Friday, 13 June 2014

Ecuador - flower arranging and things



Tom and Lucy were to be married at the Hacienda Guachala, which is near Cayambe (at the foot of another volcano).
Cayambe (the volcano) is the third-highest mountain in Ecuador at 5790m, it has a permanent snow cap and it sits almost directly on the equator. A point on its southern slope (at 4690m) is the highest point on the equator and the only place on the equator with permanent snow cover.
It last erupted in 1786, so no need to worry too much about the wedding being disrupted.
We set off for the hacienda in a car laden with bags, people, booze, flower-arranging foam and delphiniums. It was a beautiful morning.

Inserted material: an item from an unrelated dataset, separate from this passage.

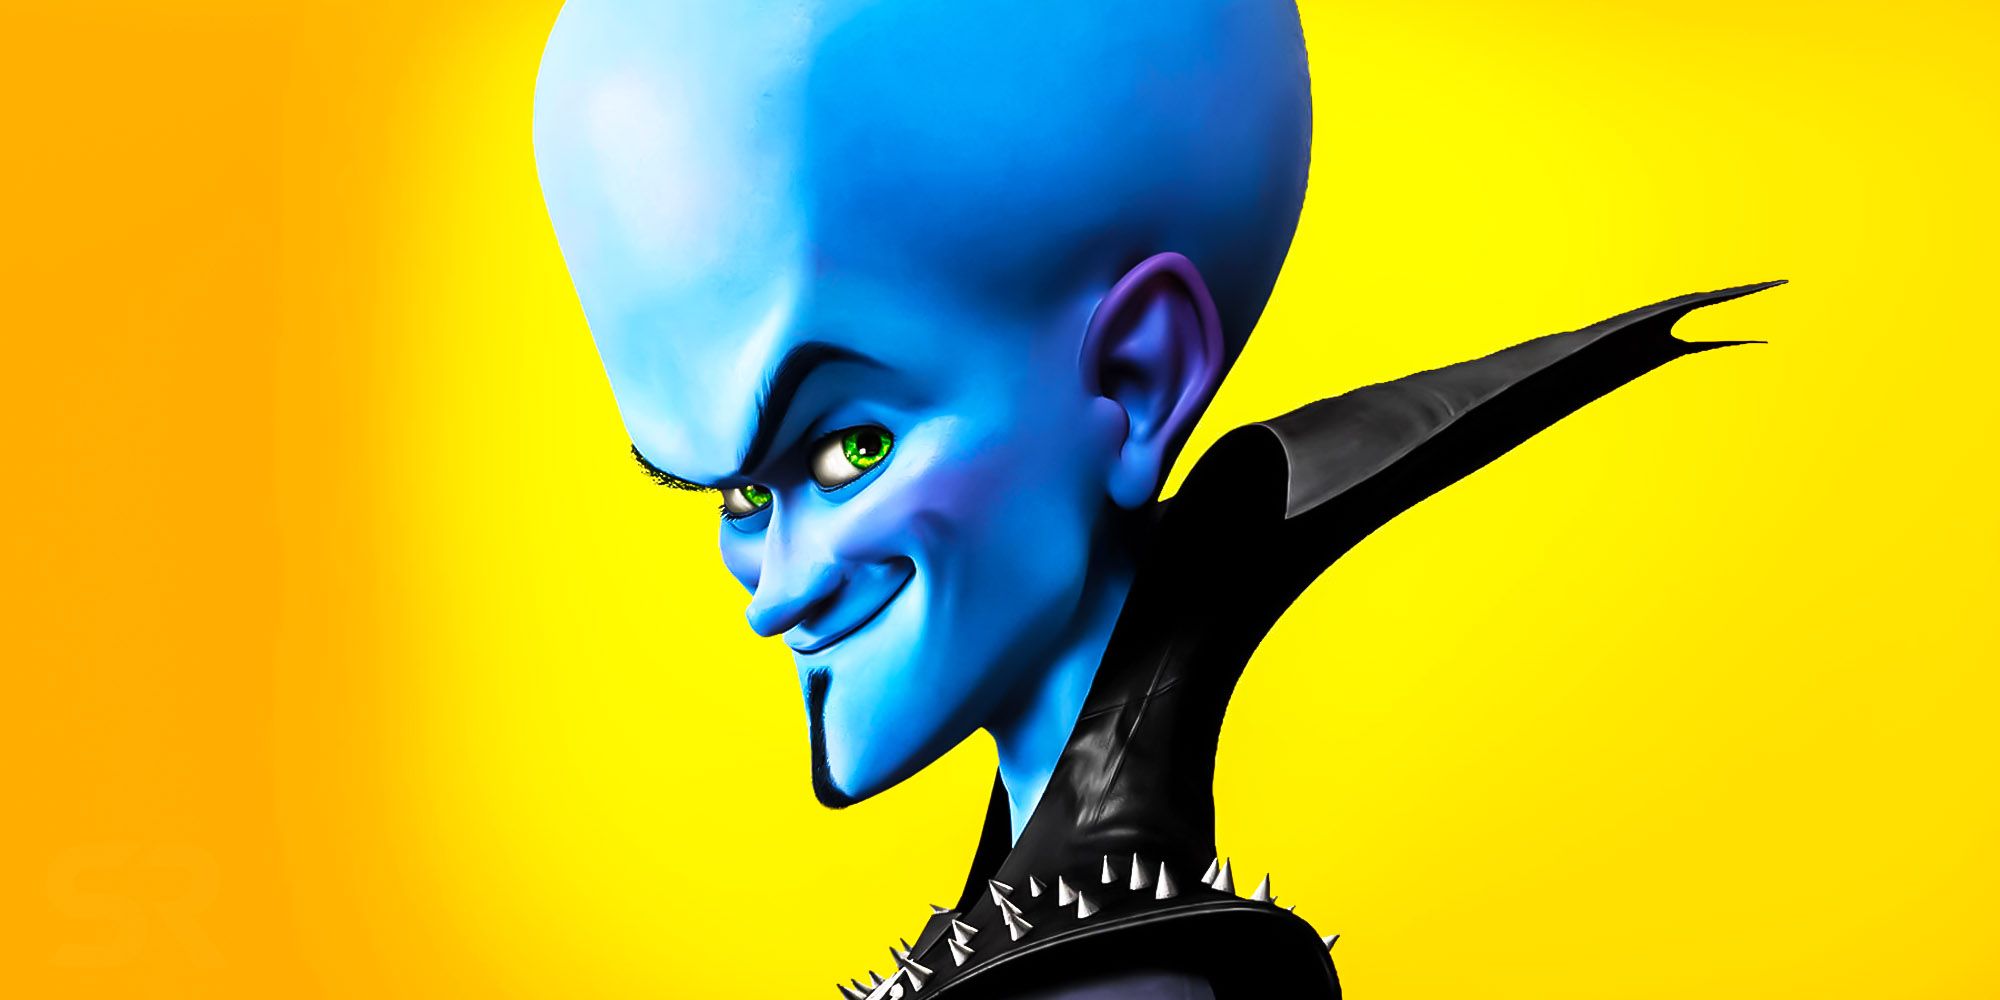 Megamind smiling at the camera with a yellow background

The Hacienda Guachala, which was built in the 16th century, was the largest, richest hacienda in Ecuador and would have been a major building block in the Spanish governance/control of the area. At one time, all the useful surrounding land would have belonged to the estate - just like a massive country house in England. There's a saying in Ecuador: "I didn't ask for a Guachala," which equates to our: "I'm not asking you for the earth."
Central courtyard of the hacienda with the chapel at the end.
In its heyday, it would have "employed" hundreds of people and the main industry was wool and weaving; they produced the raw materials and the finished product. It's quite different now; just like an English stately home, it has lost most of its land and is now quite a sleepy place, decaying gently. There's a short video tour here.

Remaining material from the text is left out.